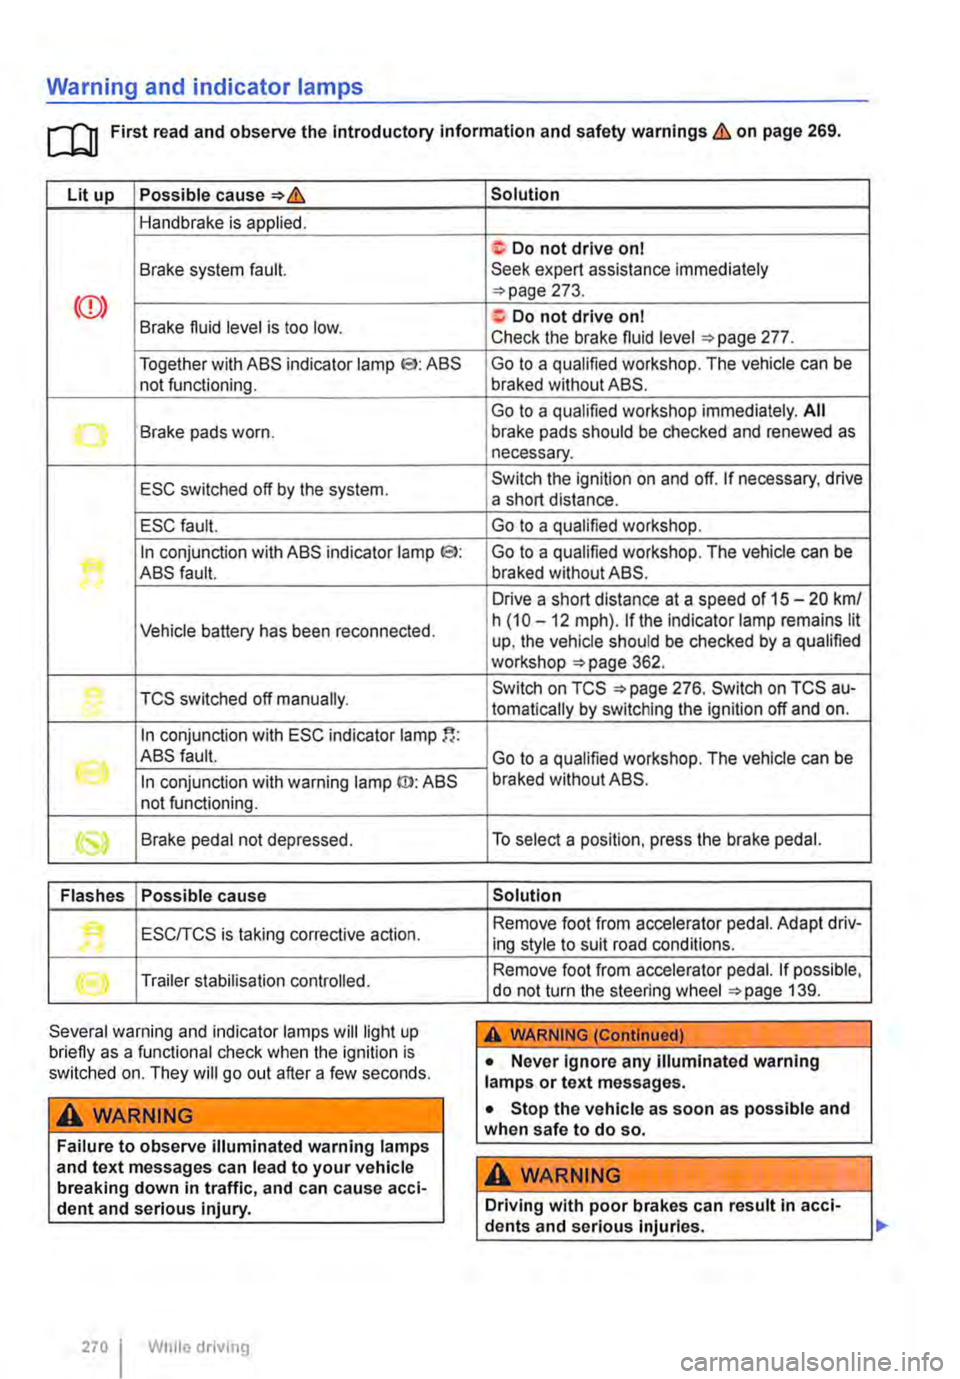 VOLKSWAGEN TRANSPORTER 2014  Owners Manual Warning and indicator lamps 
[Q First read and observe the Introductory information and safety warnings & on page 269. 
Lit up Possible cause=>& 
Handbrake is applied. 
Brake system fault. 
<CD> Brake

● **WORK REQUEST**
What's needed is every record restated exactly, pictures excluded.

● **RESULT OF THE EXERCISE**
 VOLKSWAGEN TRANSPORTER 2014  Owners Manual Warning and indicator lamps 
[Q First read and observe the Introductory information and safety warnings & on page 269. 
Lit up Possible cause=>& 
Handbrake is applied. 
Brake system fault. 
<CD> Brake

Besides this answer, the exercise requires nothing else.